On July, 23 1867, a fire destroyed a portion of the firm’s W. Eighth Street factory causing a $75,000 loss, which was fortunately covered by insurance. A lightning strike in October of 1867 caused a $10,000 loss to the firms’ carpentry shops. Flames from that blaze spread to the white lead factory of Eckstein, Hill & Co, rendering the total loss about $40,000.

Since the mid 1860s Martin H. Crane had been experimenting with rolled sheet iron as a less-expensive alternative to cast iron, and by the end of the decade he had perfected the industry’s first sheet metal casket. Its development also resulted in the firm’s new steam heat and ventilation system division, which was headed by Crane.

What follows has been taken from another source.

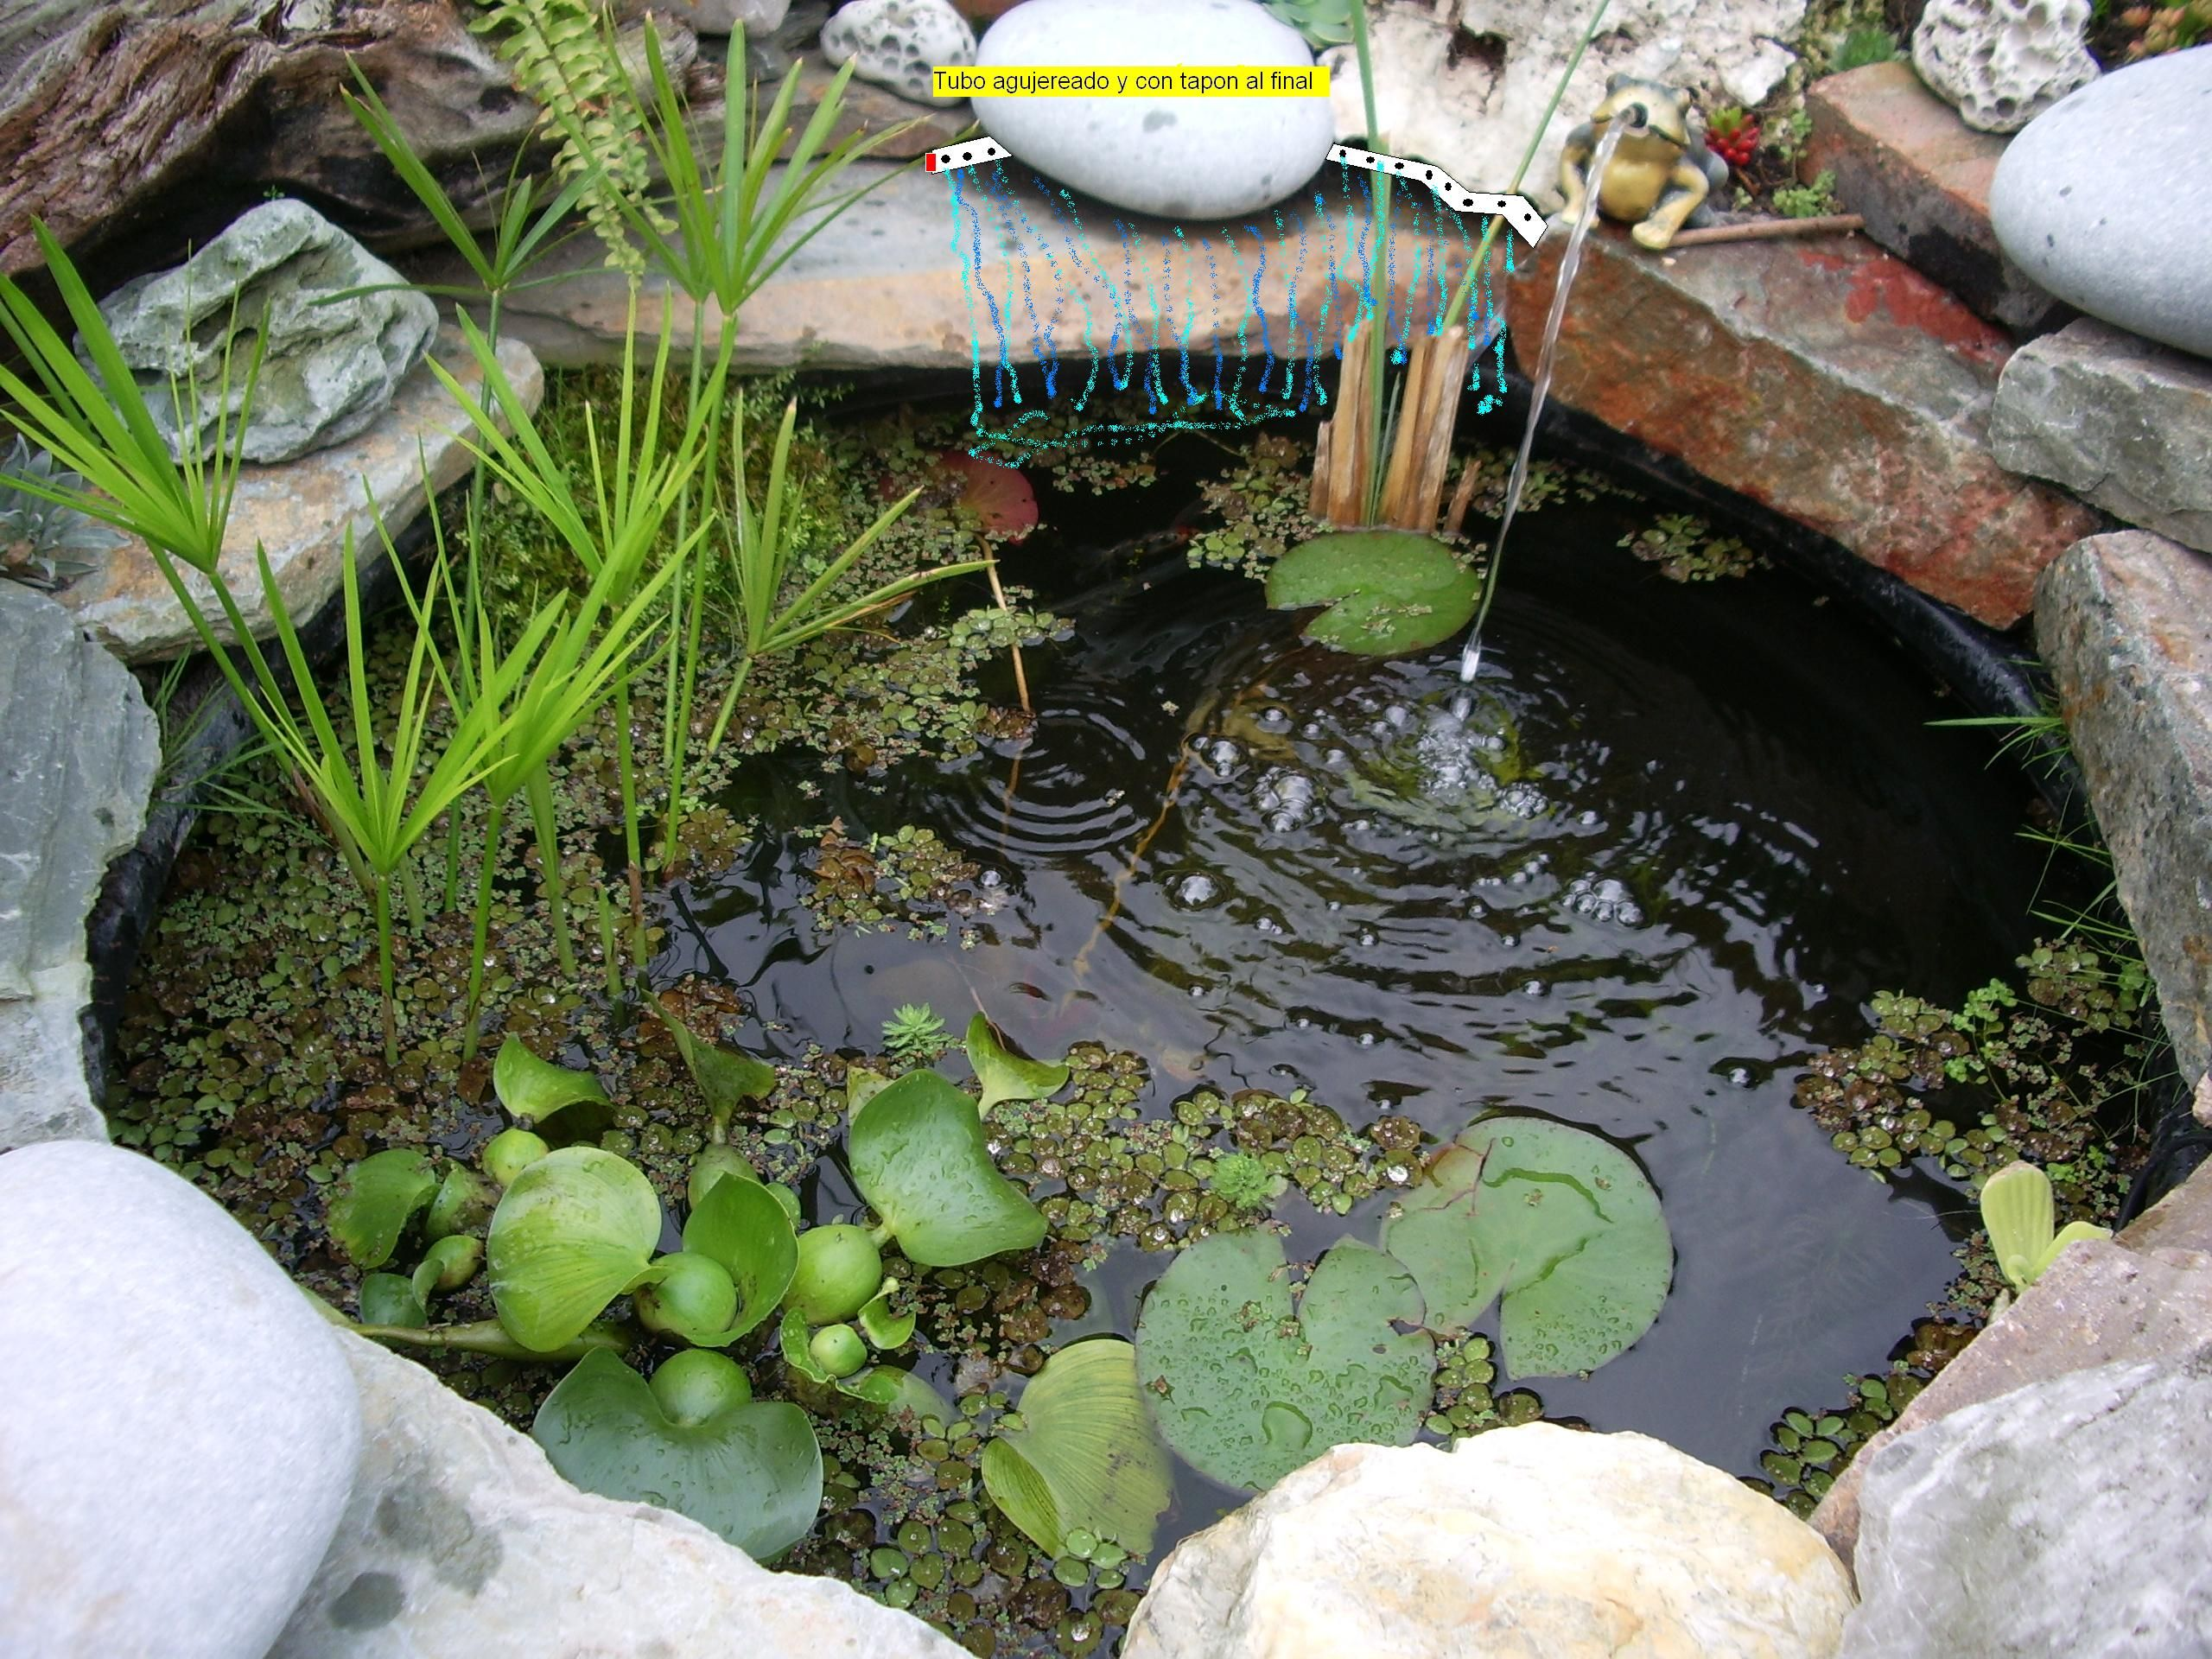 Ver tema hacer una cascada casera - Estanque de jardin ...
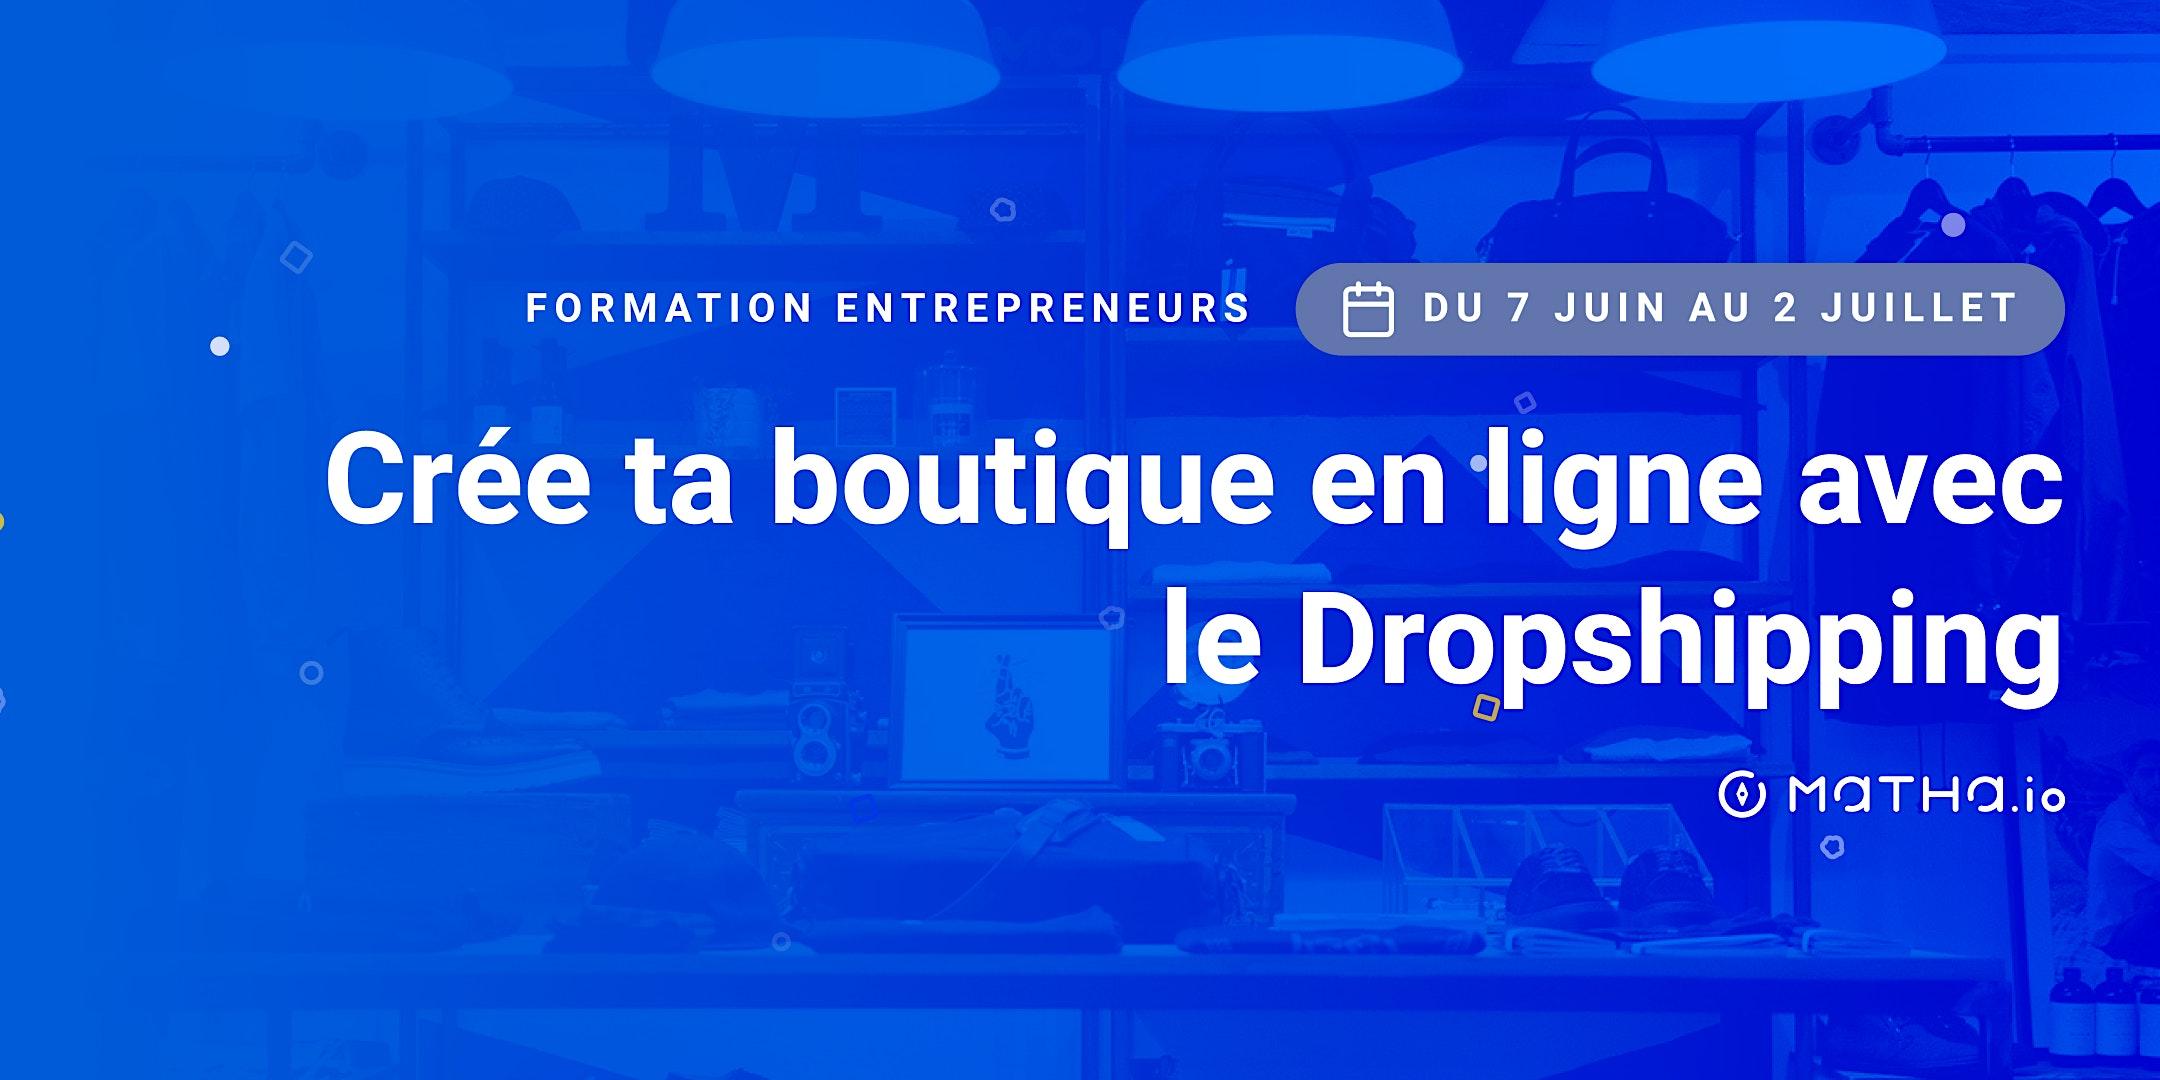 [FORMATION] Shopify : Créez votre boutique rentable en Dropshipping  (juin)

A publication entitled: “Scientific Ventilation; or Ventilation Based Upon the Motive Power of Heat” was put out by the firm in 1871. A series of bids and contracts followed, some were large, and some were priced too high. In 1873 Crane, Breed & Co. won their $14,000 bid to supply a steam heating and ventilation system for the State of Indiana’s Normal School. In 1876 a $68,493 bid was submitted by the firm to the State of Michigan for a steam heating and ventilation system for their new capital building. Apparently the bid was too high as the contract was awarded to a Massachusetts firm.

A Crane, Breed & Co. catalog was included in the display of David Williams’ Iron Age Library at Paris’ 1878 Exposition Universelle. On May 28, 1879 the firm’s Eight Street plating works were destroyed by an explosion caused by a workman hitting a vein of natural gas while boring a 250’ deep water well.

Martin Hale Crane was involved in a scandal in September of 1880. John C. Snell, a Covington liquor distributor suspected that Lou his attractive 30 year-old wife Lou was having an affair with Crane (who was almost 60 years old at the time), and followed her to a rendezvous with Crane where shots were fired. Snell hit his wife in the shoulder, but she recovered. The episode did little to squash Crane’s reputation as a ladies man who specialized in romancing married women.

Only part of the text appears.